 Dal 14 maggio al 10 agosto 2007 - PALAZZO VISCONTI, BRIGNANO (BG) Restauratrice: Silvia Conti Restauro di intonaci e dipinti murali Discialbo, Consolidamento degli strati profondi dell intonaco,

==

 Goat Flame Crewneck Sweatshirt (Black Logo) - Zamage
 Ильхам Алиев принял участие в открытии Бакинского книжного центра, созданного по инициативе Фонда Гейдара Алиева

• Work item:
Retype only this portion of the data above: the line containing "Goat Flame Crewneck", the line containing "Ильхам Алиев принял", and all lines between them, exactly.

• Answer area:
 Goat Flame Crewneck Sweatshirt (Black Logo) - Zamage
 Ильхам Алиев принял участие в открытии Бакинского книжного центра, созданного по инициативе Фонда Гейдара Алиева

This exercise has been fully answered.